__EXERCISE DIRECTIONS__
Begin at the line containing "Carnival Throw Pillow" in the entries below and end at the line containing "Cali Beach Club's"; transcribe that range exactly and nothing outside it.

__THE RECORDS__
• • • • • • •

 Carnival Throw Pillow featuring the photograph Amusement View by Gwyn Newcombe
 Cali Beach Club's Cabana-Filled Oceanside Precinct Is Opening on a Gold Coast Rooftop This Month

• • • • • • •

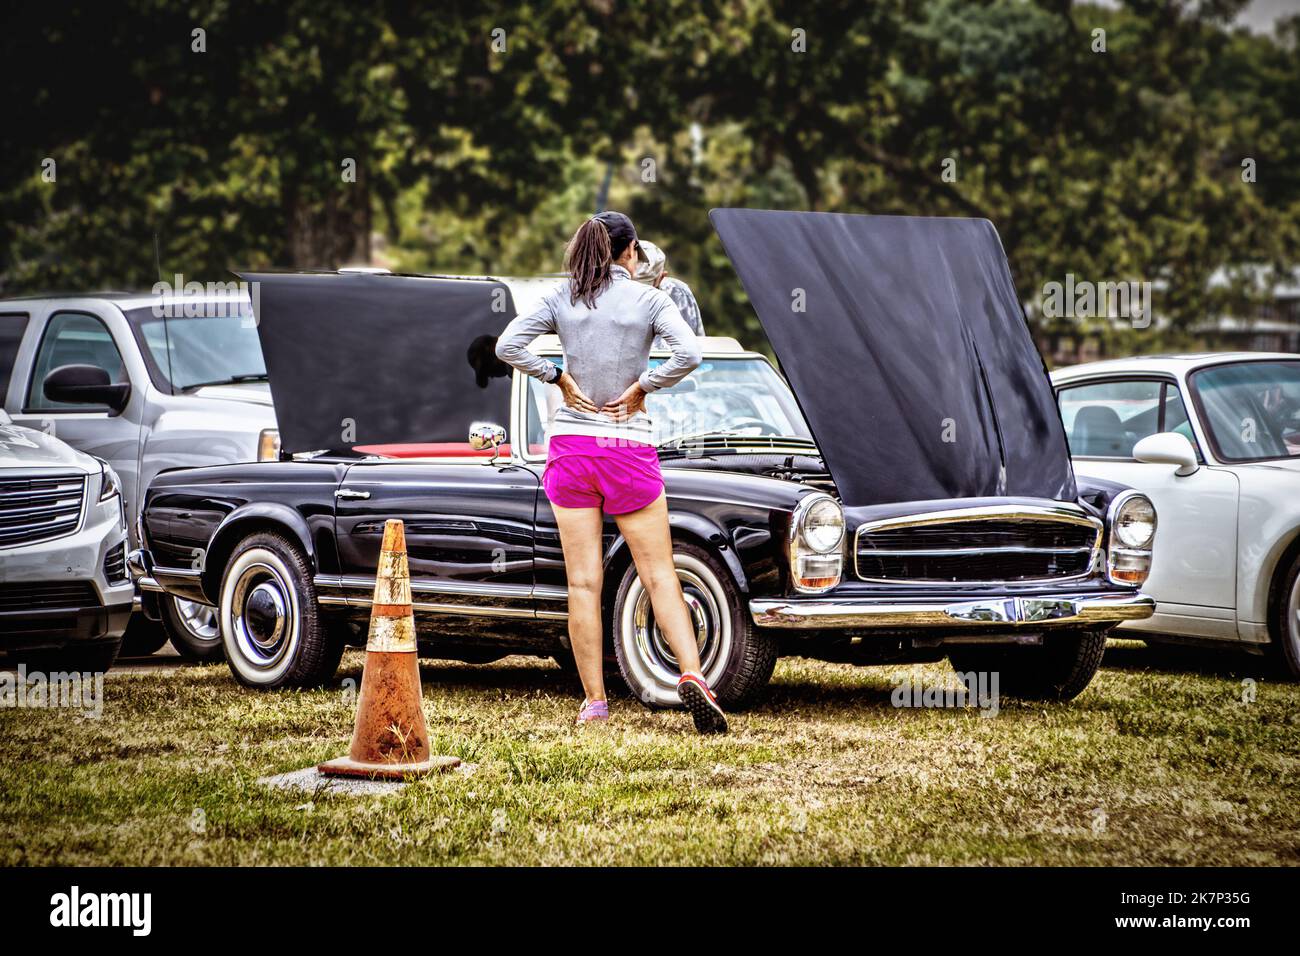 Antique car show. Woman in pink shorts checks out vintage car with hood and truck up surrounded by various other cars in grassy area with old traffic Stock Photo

• • • • • • •

__TASK ANSWER__
 Carnival Throw Pillow featuring the photograph Amusement View by Gwyn Newcombe
 Cali Beach Club's Cabana-Filled Oceanside Precinct Is Opening on a Gold Coast Rooftop This Month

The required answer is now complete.